We found several instances of symptoms potentially related to neurologic complications among the 194 ZIKV-infected children: asthenia, neck pain, back pain, paresthesia, and cranial nerve abnormalities. Previous studies have reported a variety of central and peripheral nervous system manifestations among ZIKV-infected patients, the most prominent of which is Guillain-Barré Syndrome (GBS), but which also included myelitis, encephalitis, sensory polyneuropathy, and chronic inflammatory demyelinating polyneuropathy.4,26,27,28,29,30,31,32 Lannuzel et al.13 published a larger study of neurological outcomes associated with acquired ZIKV infection among children and adults in the French West Indies. Among 6 children included in the study, 2 had GBS, 2 had encephalitis-myelitis, 1 had a stroke, and 1 had a mixed disorder.13 While this study was important, as a case series it was unable to elucidate whether the prevalence of neurological outcomes among this population was greater than in the general population. Our study is unique because the cohort design allows us to compare long-term neurological sequelae in children with acquired ZIKV infection vs. uninfected children from the same source population.
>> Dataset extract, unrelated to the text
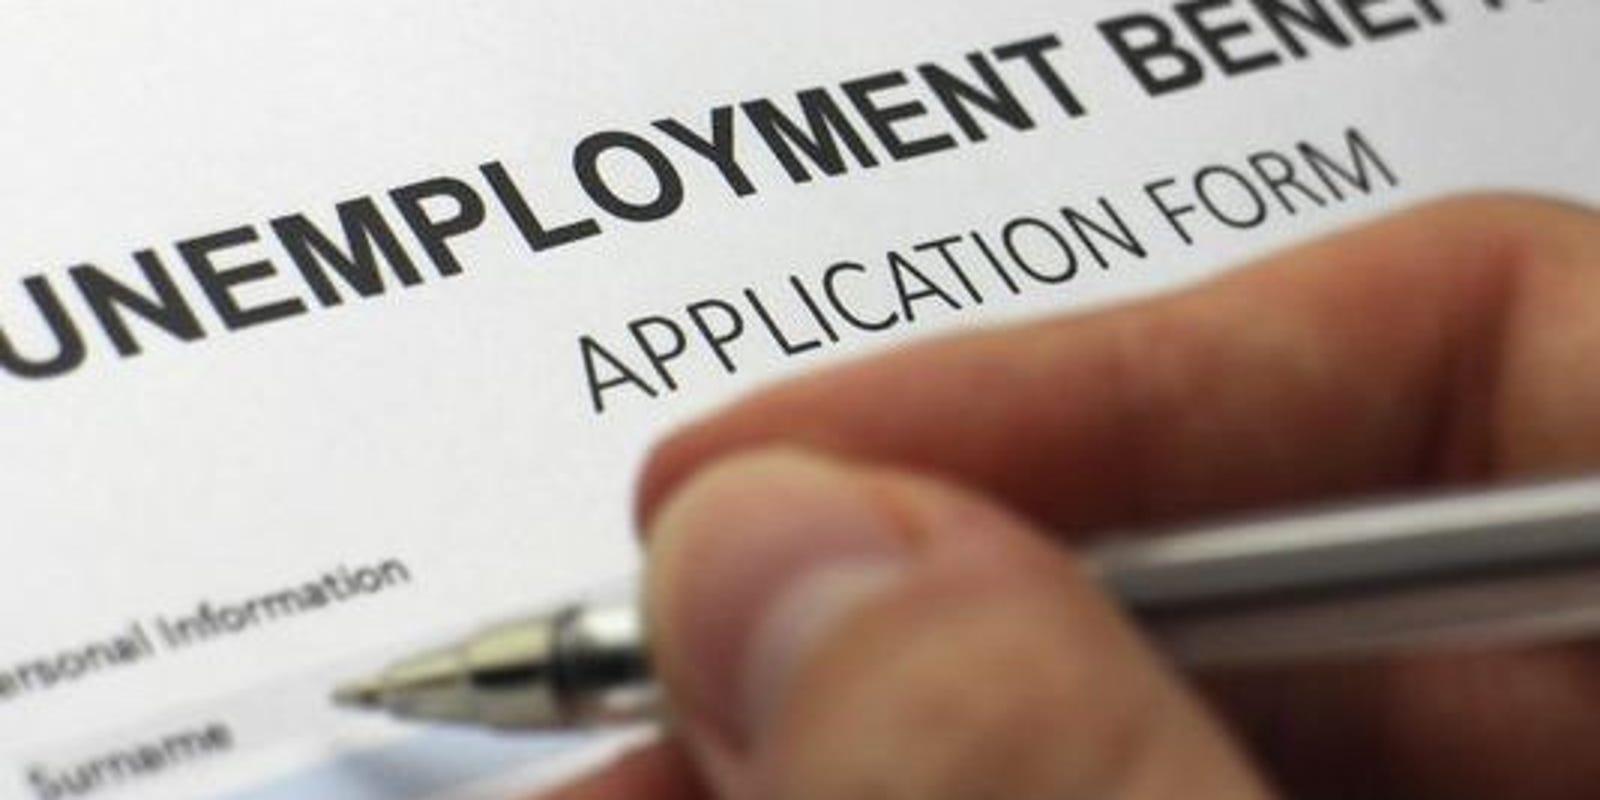 Stripper sues Nevada over unemployment failures

Further, the strain of ZIKV circulating in French Polynesia in 2013 was different than that in Nicaragua in 2016. Given that various strains infect and impact human brain cells differently, the results from Lannuzel’s study may not be generalizable to the Americas.33
To our knowledge, our study represents the largest pediatric cohort to date to evaluate neurological symptoms at the time of postnatally acquired infection and years later. Trained physicians, nurses, and psychologists administered standardized tests that were pre-tested in Nicaragua, with numerous data domains captured and intensive work to ensure data quality. Among study participants, we did not see any major differences in neurological signs and symptoms nor any differences in neurocognitive and social-behavioral outcomes associated with ZIKV infection. While there were more reported instances of paresthesia among ZIKV-infected children, this difference did not reach statistical significance, and paresthesia could be due to any number of unobserved conditions other than prior ZIKV infection.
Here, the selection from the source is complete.